One Year After the Loss of a Partner (cont'd)

 Vijai P. Sharma, Ph.D. Clinical Psychologist

 The relationship with the deceased is continued in more ways than one.  A London study of widows observes,  that a year after losing their husbands, twelve out of the twenty-two widows spent much time thinking of their husbands, and at times had a sense of his actual presence.  They were not disturbed or anxious about this.  They actually found the sense of presence rather comforting.  
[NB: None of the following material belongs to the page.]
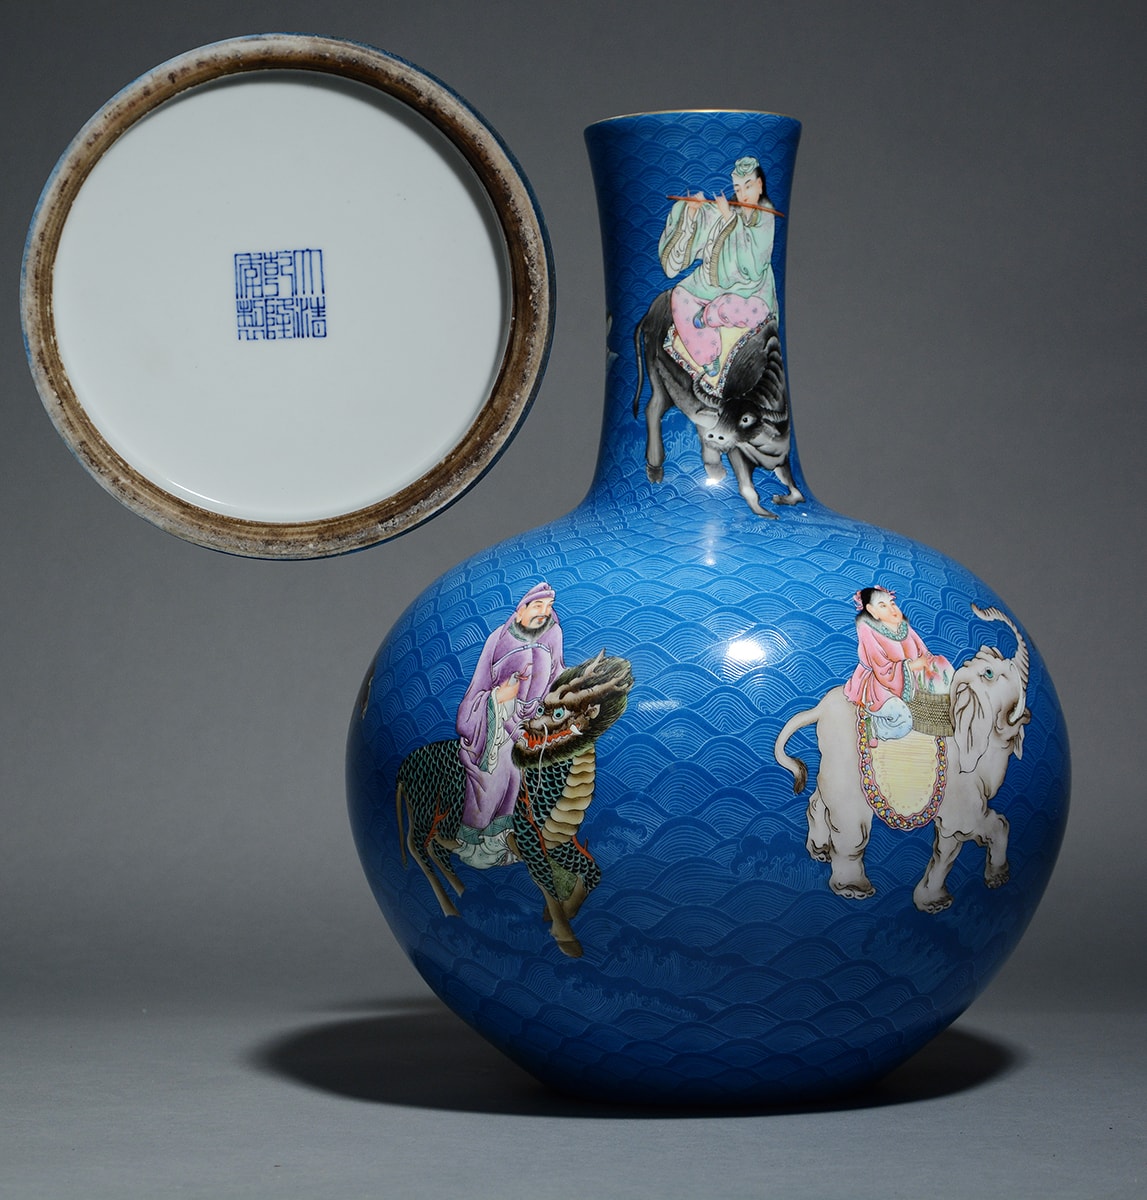 Chinese mark and period porcelains are in high demand

A Boston study of survivors observes that a year after the loss, two out of every three widows continued to spend much time thinking of their deceased husbands.  Other studies observe that "sensory illusions" and "hallucinations" are far more common during the grieving than we realize.  Sensory illusions refer to survivor's mistaking an object or a person for the deceased partner.  Hallucinations refer to the experiences, such as "seeing," "hearing," or being "touched" by the deceased partner when no person or object is there for a possible misinterpretation.  That such experiences are part of a normal grieving is not very widely known even among the mental health professionals.  A survivor who is severely depressed and also reports these experiences, may be seen as suffering from psychotic depression.  If the survivor did not have a psychotic illness in the past, she needs to be assured that such experiences are not uncommon and she is "not going crazy."
 It takes a few weeks after the actual loss for the survivor to experience a sense of the continued presence of the lost person.  When that happens, it is intense and it persists for quite a while.  As per the Boston study, one out of four reported that there were still occasions when they "forgot" he was dead.  Some, on purpose, used the sense of presence of their dead husband "therapeutically."  They evoked it whenever they felt depressed or unsure of themselves.  The longer the survivor was married to the deceased, the greater the tendency to do so.  This tendency was also found greater in those who were over forty when widowed.  By and large, age and duration of marriage go together, the older the person, the greater the chances of marriage being of longer duration.

 The relationship with the deceased is maintained in many ways.  A Wales study of survivors observes that more than ten percent of survivors report having held conversations with the dead spouse.  Again, this tendency was higher in the older widows and widowers.  Two thirds of those who reported the sense of "presence" of their deceased spouse, describe their experiences as being comforting and helpful.  Some experience the deceased partner as a 'companion' who accompanies the survivor everywhere.  Some survivors, at one time, would feel as if the deceased partner is "inside" them, and other time, feel the lost person is, outside, and by their side like a "companion."  Some sense their loved one as occupying a particular chair, room, yard, or another specific location that was usually occupied by the lost person.  Some feel the presence of their loved one only in the graveyard.  These experiences start fading in the second year of bereavement and are not unusual or unfavorable for a healthy grief process.

FROM THE "PRESENCE" OUT THERE  TO THE PRESENCE  WITHIN
In the beginning, the lost person is felt to be "present" outside oneself..  As time goes on, it begins to be replaced by the feeling of the presence of the lost person inside oneself rather than the outside.  Psychologists call it the "internalization" of the lost person.  This internalization is necessary if the process of searching is to end and person is to come to terms with the loss.  What is now inside oneself doesn't have to be searched outside anymore.  
 The Boston study observes that a female survivor's progress is facilitated by her inner conversation with the presence of the deceased spouse.  This continued sense of association and inner conversations do not interfere with her assuming independent actions and adapting to the outside world.  Since she lets her feelings of attachment to the lost person persist, she is able to "take in" what she has lost in the outside world.  Those who try to run away from all thoughts, memories, and feelings for the deceased and jump in to another relationship as a cure for their pain, may experience disturbing feelings and reactions later.  Grief has progressed well if the survivor can consciously hold the thoughts, the feelings, and the memories of the deceased for some time and is at peace with the image of the loved one inside one's own self.